Optimista por naturaleza, Eric ignoraba que hasta el ser más dichoso del mundo podía sufrir duros golpes. Su psique no era lo bastante sanguinaria como para darle una pesadilla en toda regla y ahora le ofrecía una red de seguridad, una voz en su cabeza que decía: «Tranquilo, sólo es un sueño». Unos instantes después, alguien llamó a la puerta. Stacy se levantó; Eric abrió los ojos y miró alrededor, soñoliento. Las cortinas estaban echadas y la ropa de ambos desperdigada por el suelo. Stacy se había llevado la colcha. Estaba envuelta en ella junto a la puerta, desnuda por abajo, hablando con alguien. Poco a poco, Eric cayó en la cuenta de que se trataba de Jeff. Quería ir a mear, cepillarse los dientes y enterarse de qué pasaba, pero no conseguía ponerse en marcha. Volvió a adormecerse y lo siguiente que vio fue a Stacy de pie a su lado, vestida con un pantalón color caqui y una camiseta, secándose el pelo y metiéndole prisa.

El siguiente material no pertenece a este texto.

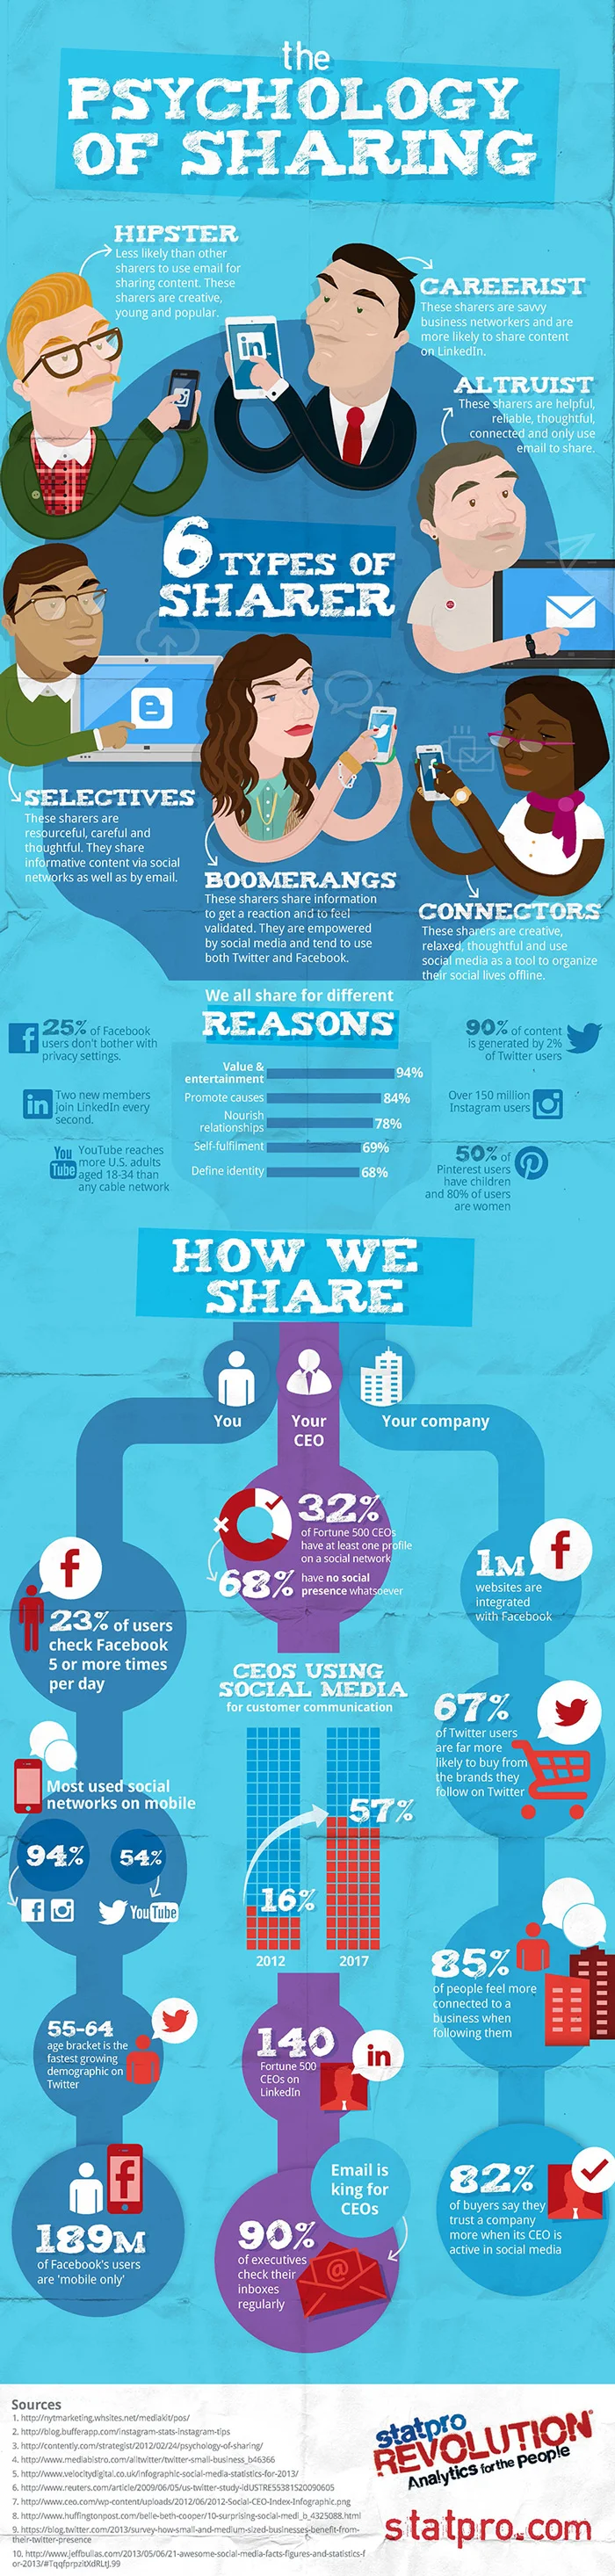 6 types of social media sharers - infographic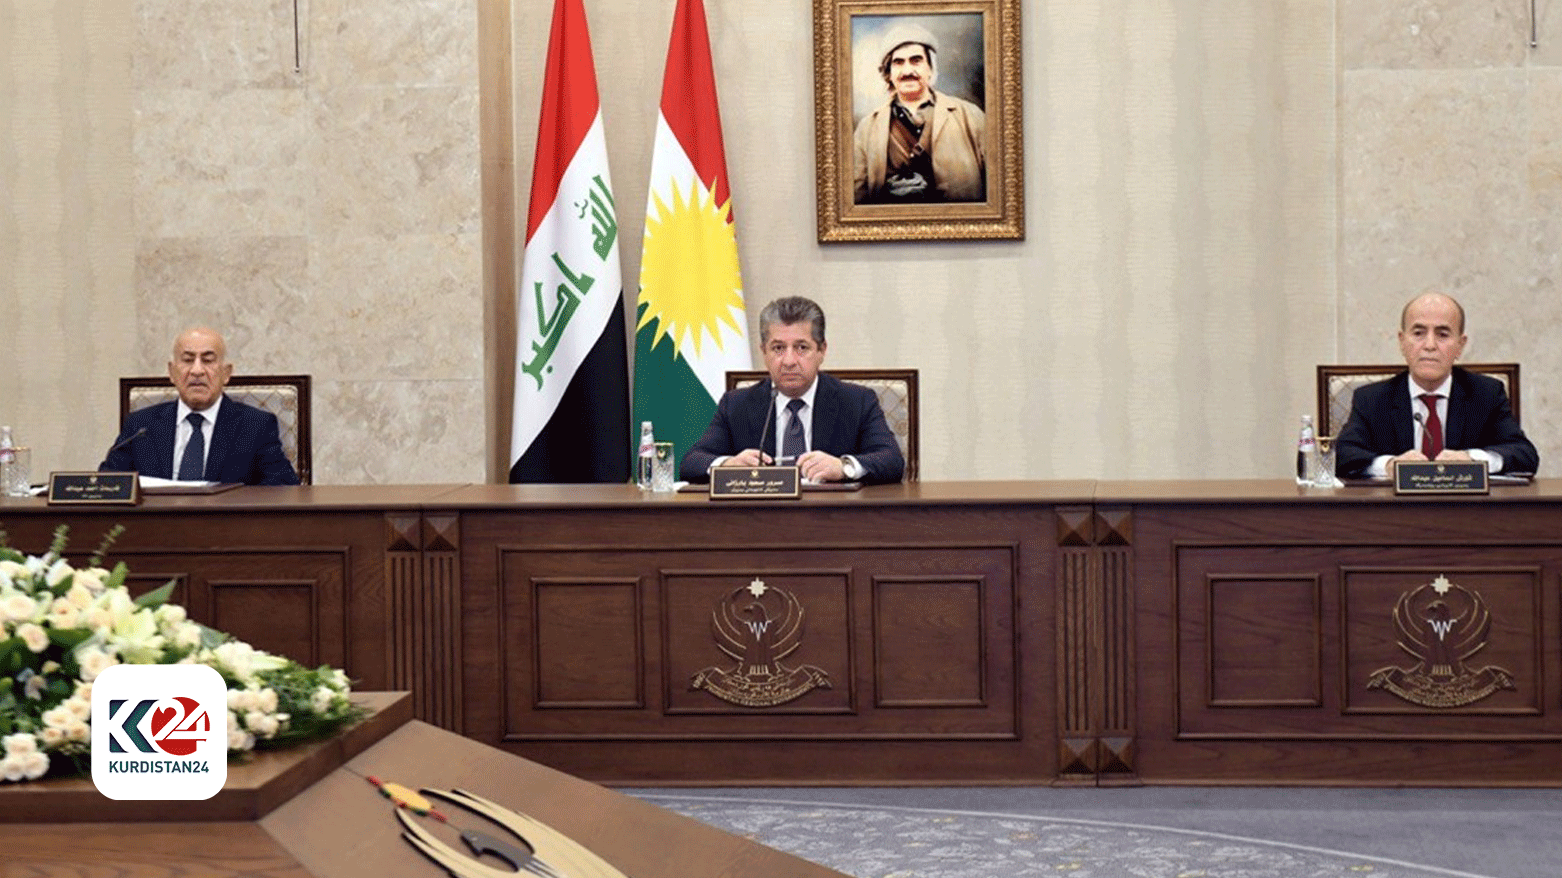 PUK welcomes new date for Kurdistan Parliament elections

—¿Que me dé prisa? —preguntó.
Ella miró el reloj.
—Sale dentro de cuarenta minutos.
—¿Quién?
—¿El autobús?
—¿Qué autobús?
—El de Cobá.
—Cobá… —Se incorporó con esfuerzo y por un instante pensó que vomitaría otra vez. La colcha estaba en el suelo, cerca de la puerta, y le costó recordar cómo había llegado allí—. ¿Qué quería Jeff?
—Que nos preparásemos.
—¿Por qué llevas pantalón largo?
—Lo dijo Jeff. Por los bichos.
—¿Bichos? —preguntó Eric. Tenía dificultades para entenderla. Todavía estaba un poco borracho—. ¿Qué bichos?
—Nos vamos a Cobá —respondió Amy—. A una vieja mina. Para ver las ruinas.
Enfiló de nuevo hacia el cuarto de baño. Eric oyó el grifo y recordó que tenía la vejiga llena. Se levantó y fue arrastrando los pies hasta el lavabo. Stacy había encendido la luz del espejo, que lo deslumbró. Permaneció un instante en la puerta, parpadeando. Ella abrió el grifo de la ducha y tiró de Eric, que estaba desnudo y lo único que tuvo que hacer fue meterse dentro. Un instante después estaba enjabonándose, orinando entre los pies, pero aún medio dormido. Stacy lo animó, y con su ayuda pudo terminar de ducharse, cepillarse los dientes, peinarse y vestirse con unos tejanos y una camiseta, pero sólo cuando bajaron al comedor, mientras desayunaban a toda prisa, Eric empezó a entender adónde se dirigían.